Monday Move Review #2

Actually, there will be no Monday Movie Review this week. See, that’s how undisciplined I am, I couldn’t even keep it up for one week. The problem is that I didn’t see a movie this week. So I will instead write about why I skipped the theater. I’ve been doing it ever since I finished grad school–nothing like a Master’s Degree in film studies to burn you out on movie-watching. But it goes deeper than that; I suppose any intense study of a particular art form ultimately leads you to ponder the art form itself rather than the specific works of said art form…the whole meta concept…what I think of Bubba Ho-Tep is not as interesting to me, any more, as is the motivation to see the film in the first place.


Films are escape. This is why we see them. We escape into the world of other people, characters, and we relate or we don’t relate, we like or we don’t like, we are moved or are unmoved. But the fact that we desire to give up two hours of our own life in exchange for experiencing two hours of someone else’s means something. In my most depressed states, and I think many people feel the same, I see lots of movies. I want to get far away from my own world, my own head, so I go to the movies hoping to be swept away. I want to lose those two hours. I want to be implanted with someone else’s two hours.

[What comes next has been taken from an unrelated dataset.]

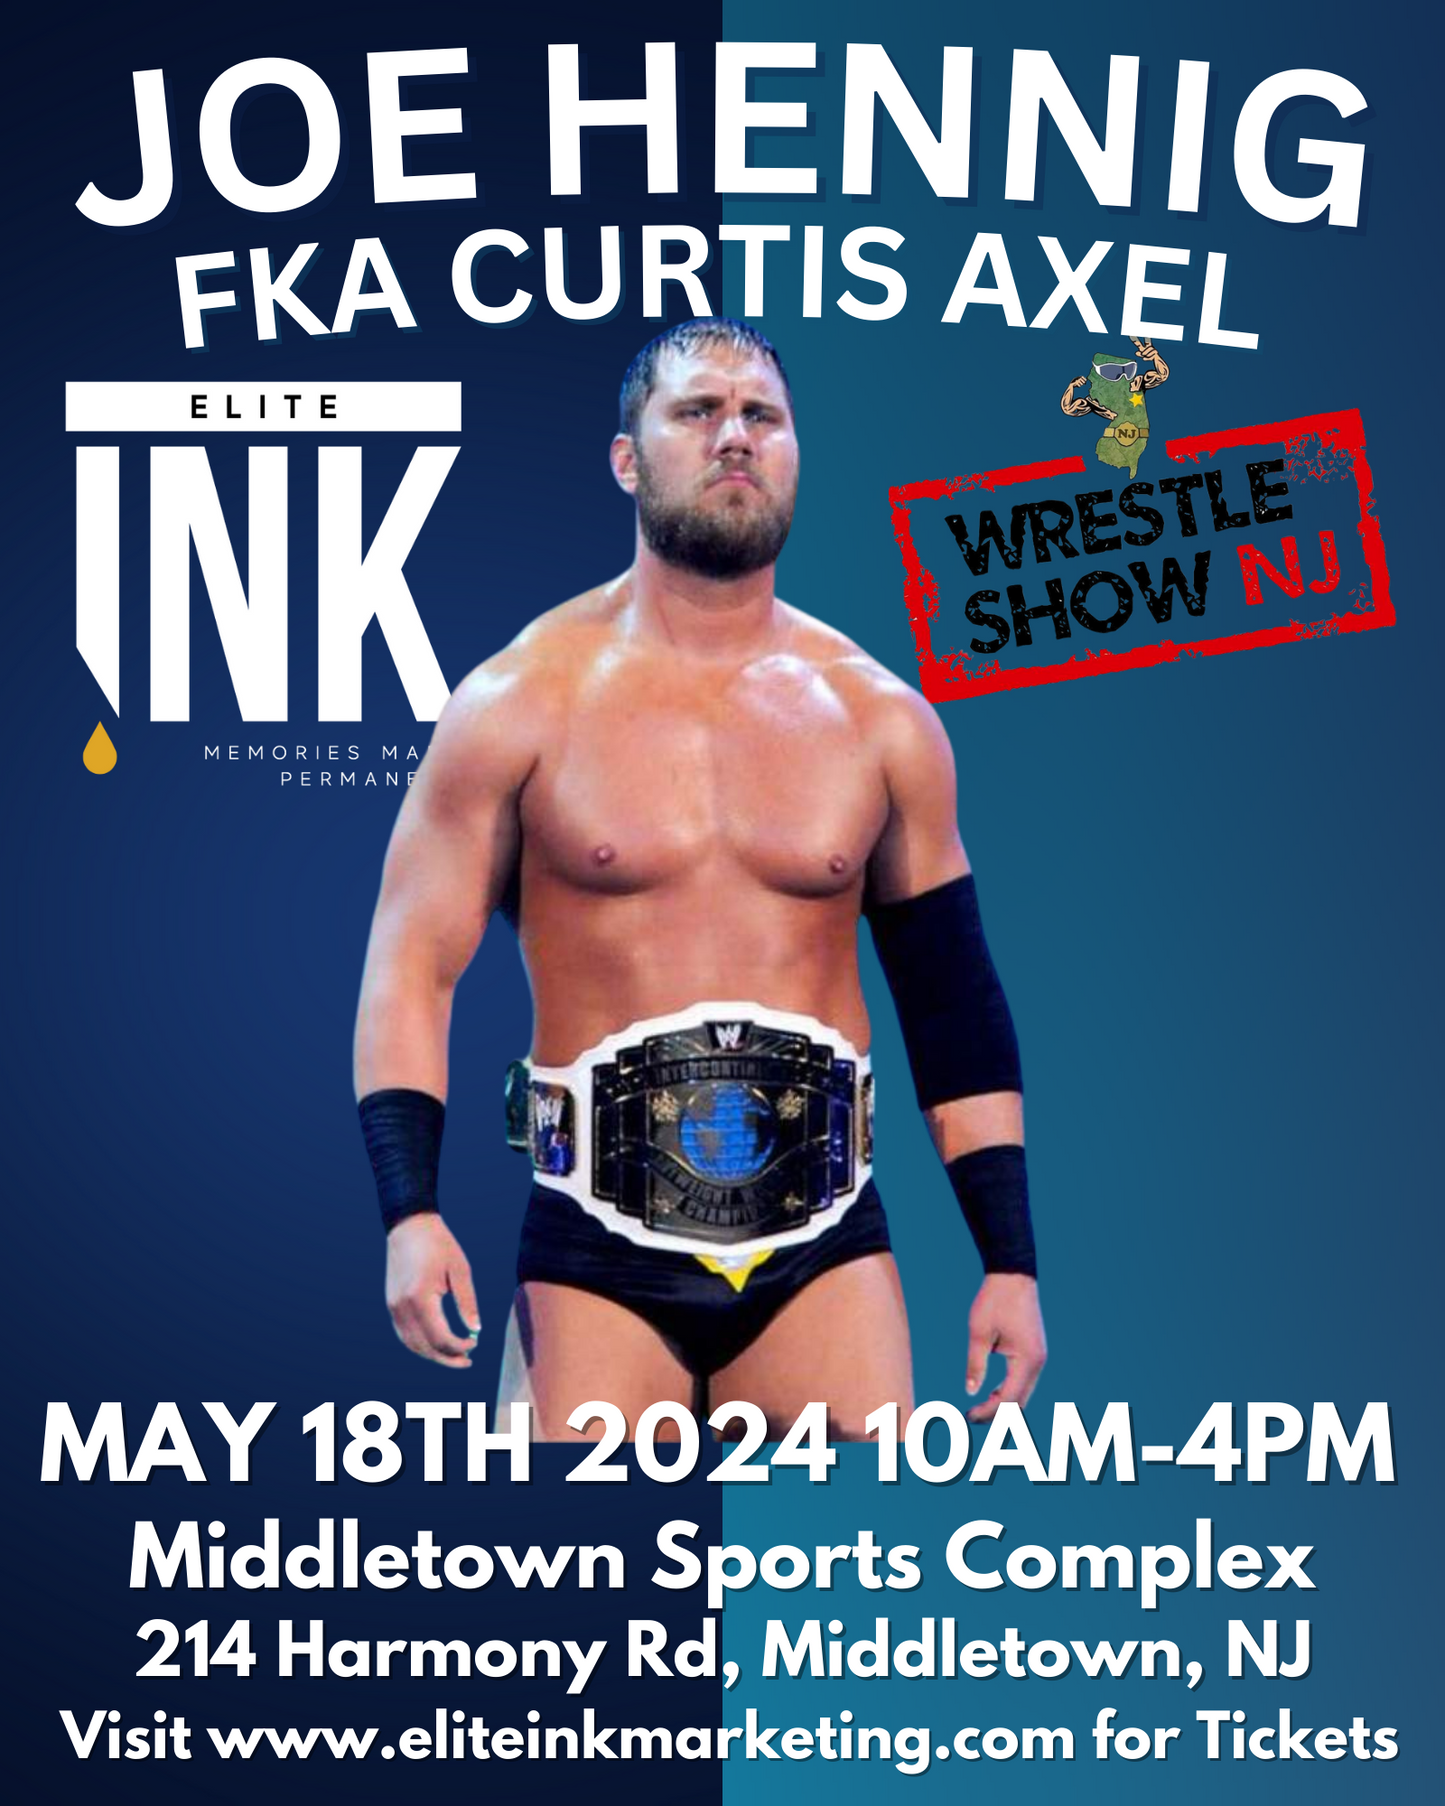 Joe Hennig FKA Curtis Axel Wrestle Show NJ Saturday May 18th Pre-Order

But I don’t want that any more. I want those two hours for myself. I want my own story, my own life.  I can’t sit still in a theater any more. No matter how good the movie is, I find myself counting the minutes until it’s over. If a friend calls me and wants to hang out, I groan if they suggest a movie. That’s not hanging out. Two people sitting silently in the dark for two hours experiencing collectively the story of someone else’s life is not connecting. Not to each other, at least. I want to talk to my friends, laugh with them, touch them, connect to them. Not sit silently next to them in an out-of-body experience. Sure, there’s always the after-movie discussion but I’d rather skip the movie and have all the after-stuff. Talk to me about your life, not about some piece of celluloid.


And Mike Price if you’re reading this…damn that Grundmann for forcing the Peter Berger down our throats, and damn if it wasn’t all true. Say it with me: movie-watching is not sublated into the praxis of life.